- _Material provided_:
Content starts

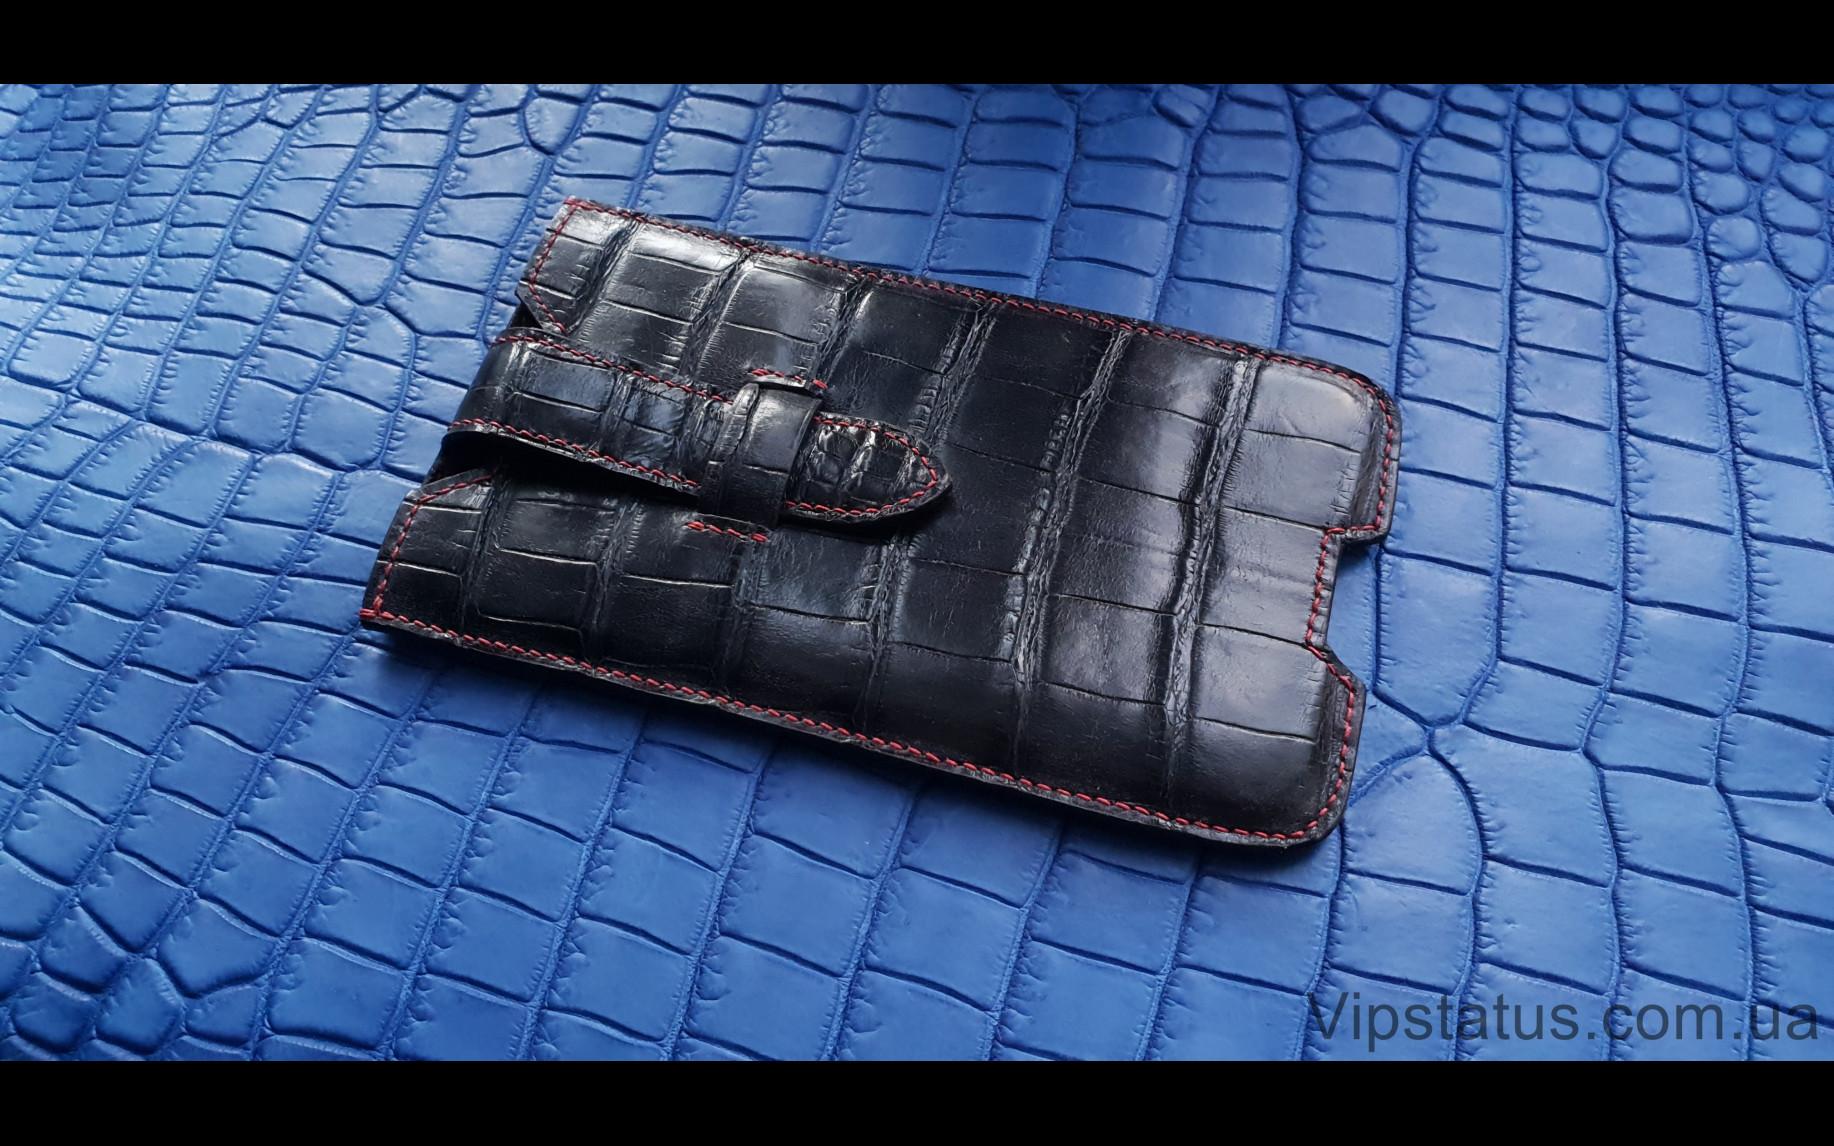 Elite Classic Edition Премиум кейс IPhone X XS 11 Pro 12 Pro Classic Edition Premium case IPhone X XS 11 Pro 12 Pro Crocodile leather image 2
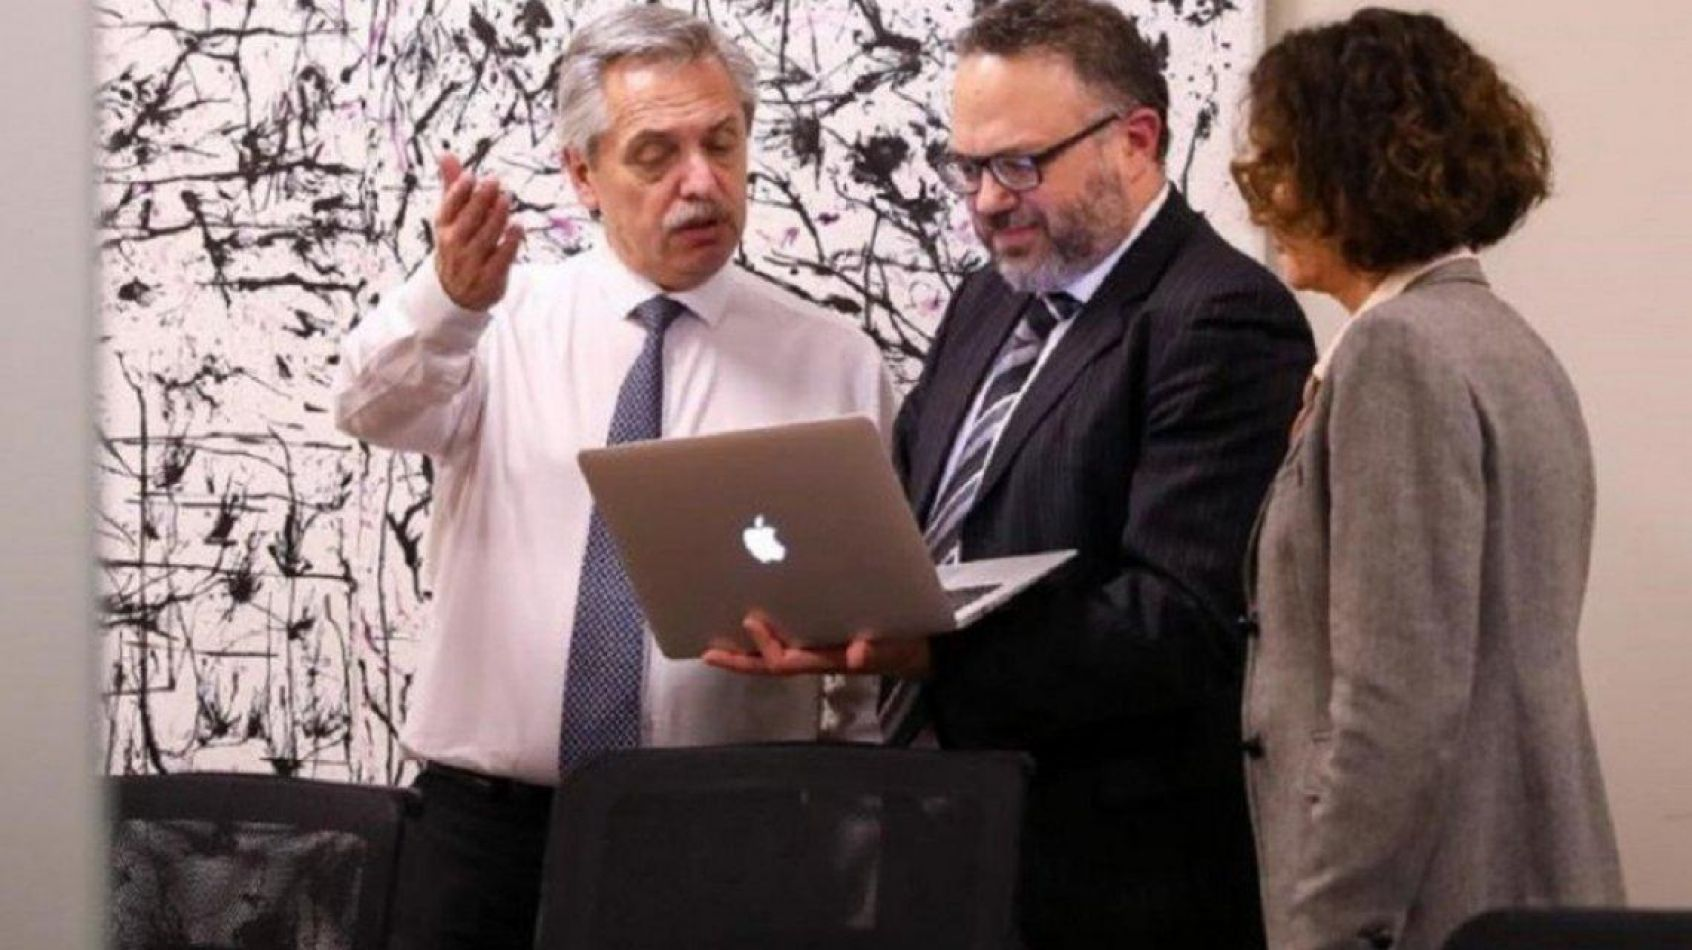 Foto: diario26.com. Alberto Fernández junto a Matías Kulfas, posible ministro de Economía
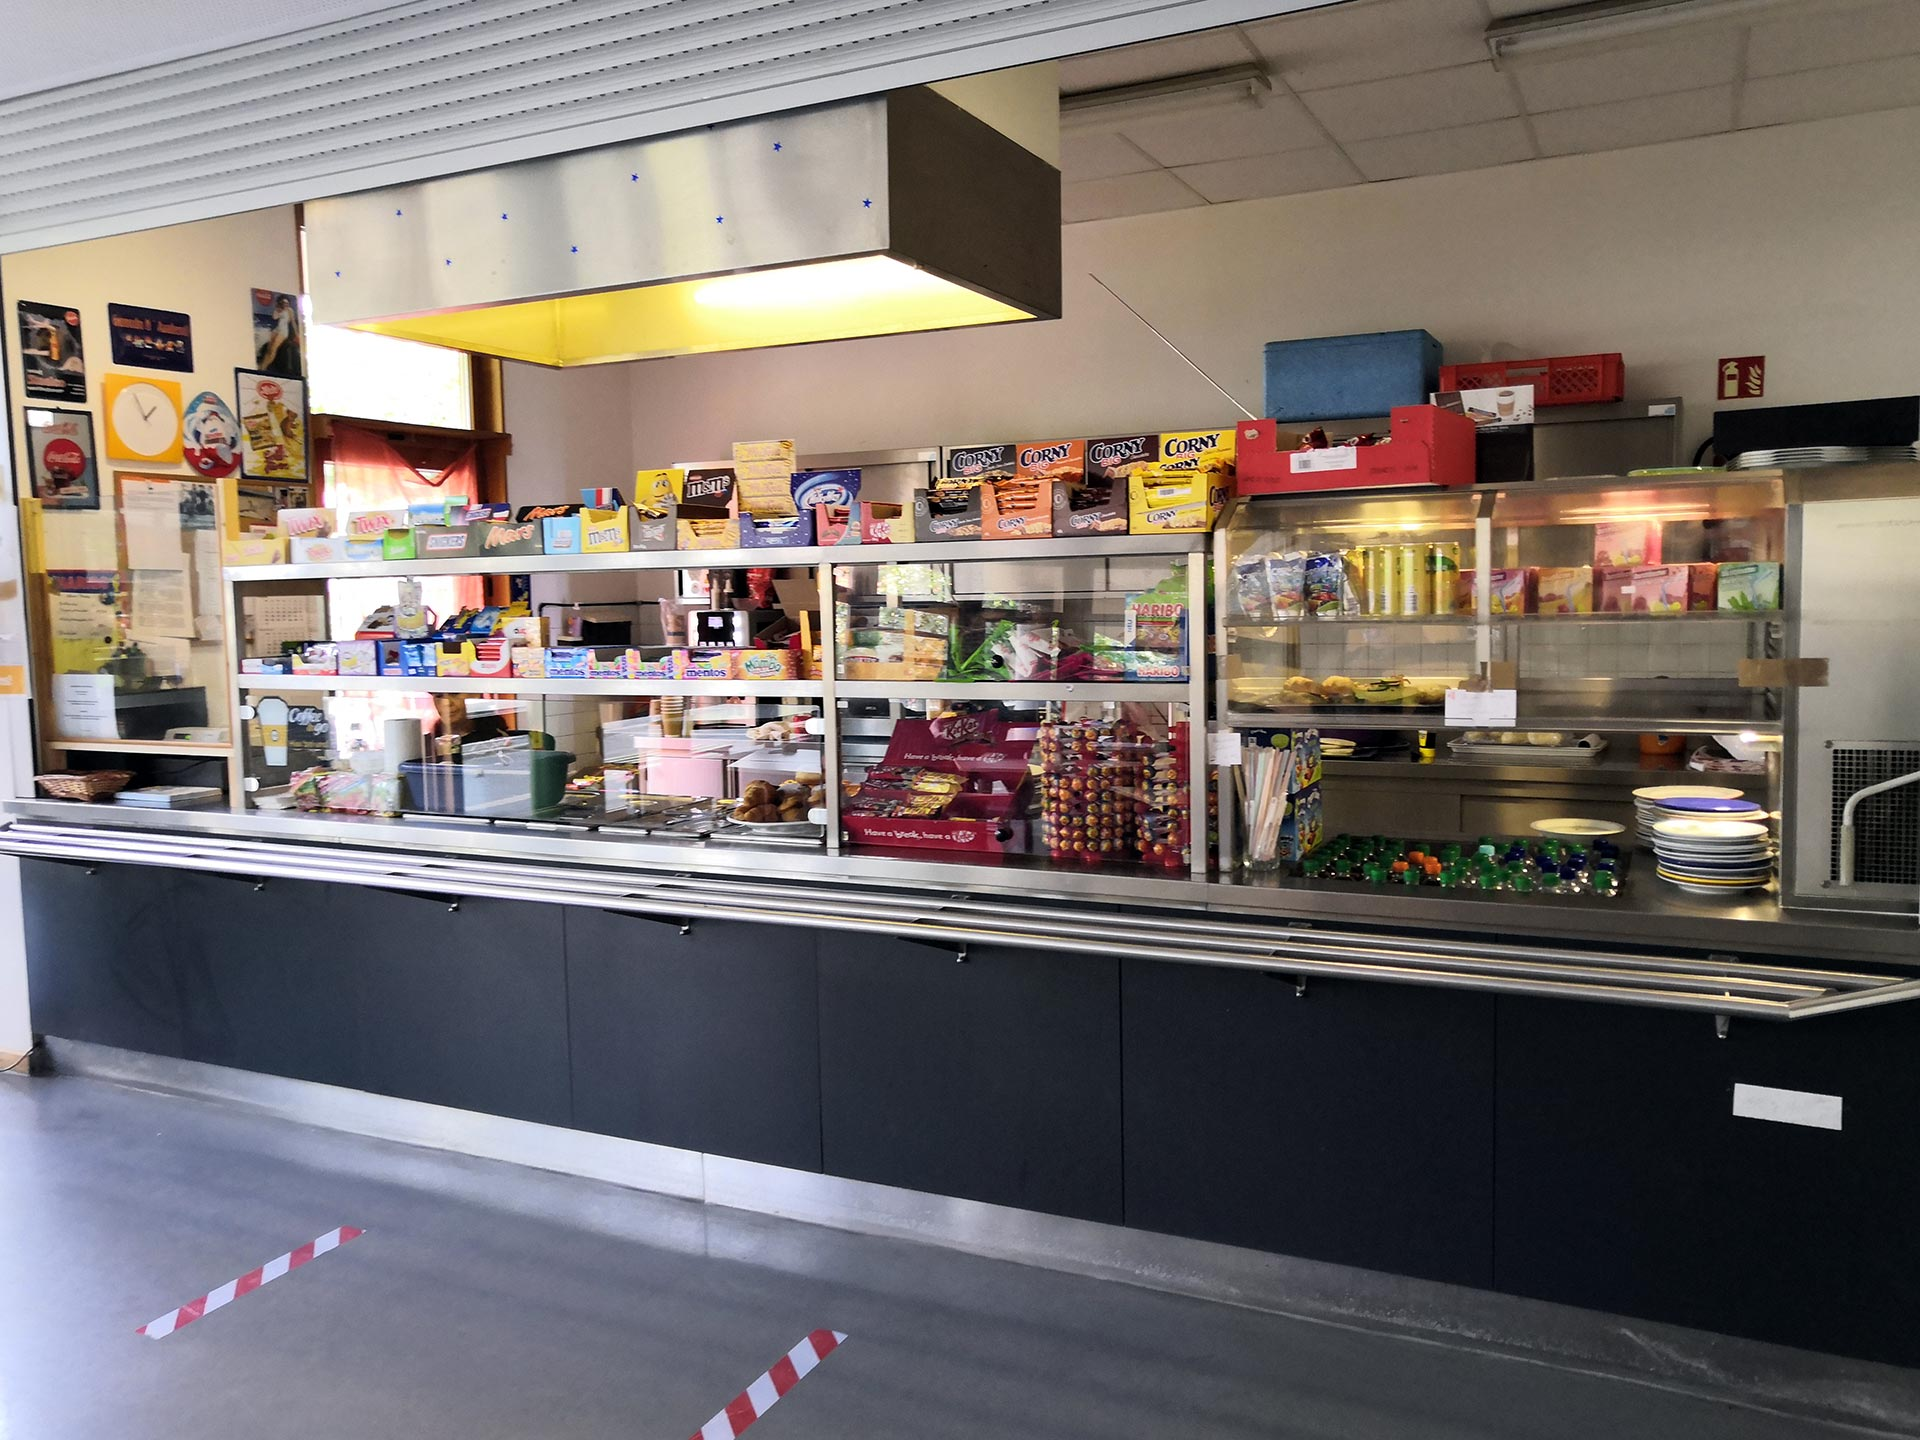 Cafeteria im Hedwig Bollhagen Gymnasium

Content ends

- _Try it_: Every line above needs to be written out again as it stands. Pictures do not belong in the copy.

- _Answer box_:
 Elite Classic Edition Премиум кейс IPhone X XS 11 Pro 12 Pro Classic Edition Premium case IPhone X XS 11 Pro 12 Pro Crocodile leather image 2
 Foto: diario26.com. Alberto Fernández junto a Matías Kulfas, posible ministro de Economía
 Cafeteria im Hedwig Bollhagen Gymnasium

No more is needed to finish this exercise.